If, for example, you mount the emitter and the receiver 10 feet apart, the transit time of the audio pulse, which at 40 kHz or so is inaudible to humans but probably very annoying to bats, is on the order of a hundredth of a second. If the system moves through the air at 200 knots, that changes by 30 percent. So there would be no difficulty resolving speed differences of a fraction of a knot.

One paper described a scheme for ultrasonic airspeed measurement, but it involved a rather bulky tubular object attached to the outside of the airplane. I was imagining embedded speakers and microphones that would operate in the open air, say between the vertical fin and the cabin roof of a twin — the beam of sound would have to stay, as much as possible, outside the slipstream and the boundary layer — or between the tip of the horizontal stabilizer and the wing. But maybe the vicinity of an airplane is too noisy, even at ultrasonic frequencies. I trust that some informed reader — or perhaps a whole raft of them — will tell me that this idea, like most patentable-sounding fantasies of mine, has no merit whatsoever.

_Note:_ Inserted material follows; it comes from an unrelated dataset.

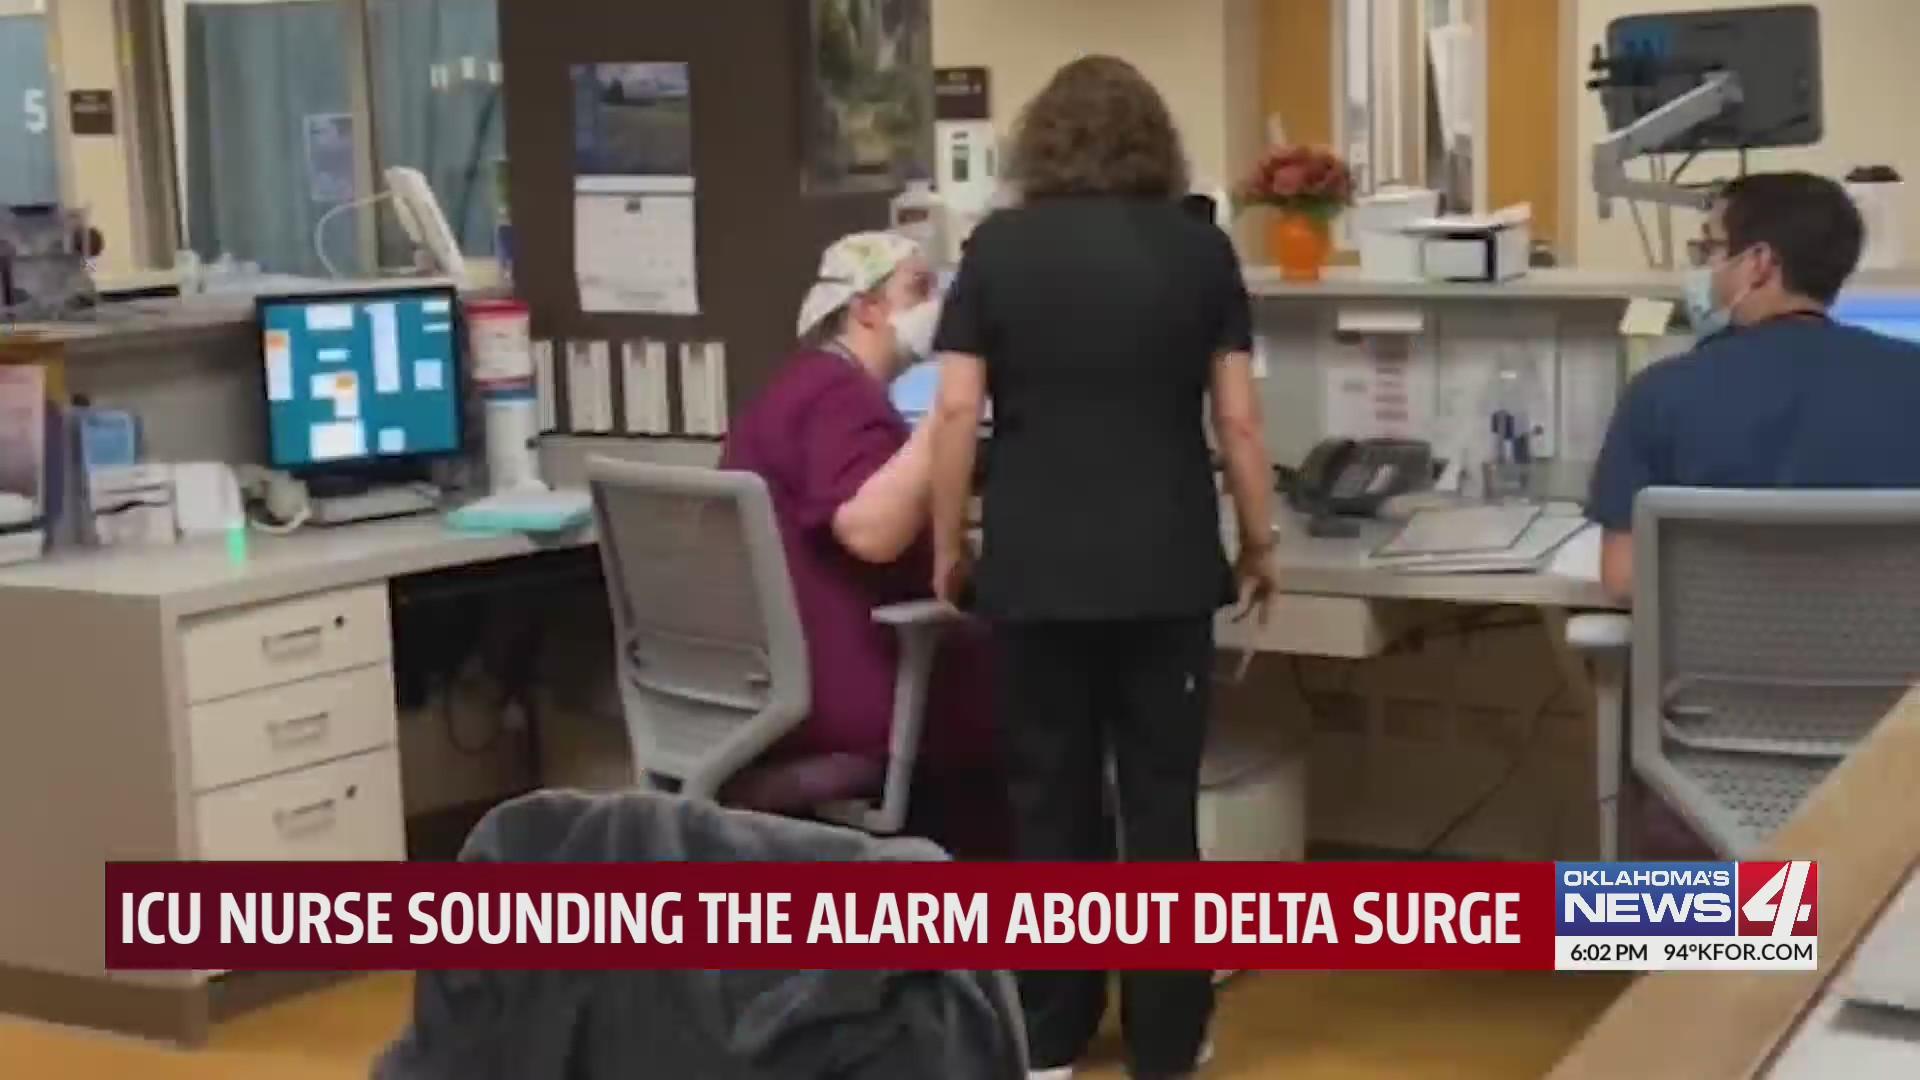 Three nurses talk amongst themselves at nurses' station

Cost-benefit analyses are the final resting place of many a technically sweet invention. To give the devil his due, pitot tubes seldom fail, and so we are talking about installing thousands of backup systems that might never be used. Competing with the airborne laser interferometer and the ultrasonic range finder is a small steel tube containing a heating element powerful enough to fry an egg. Obviously, the heated tube wins; it’s simple, cheap, easy to understand and service, and hard to break. Designing it is just a matter of getting the right MTBF — mean time between failures, the criterion of reliability that is of such small comfort to those present when a failure’s time has come. Evidently Thales, the manufacturer of the A330’s heated pitots, hadn’t gotten that part quite right.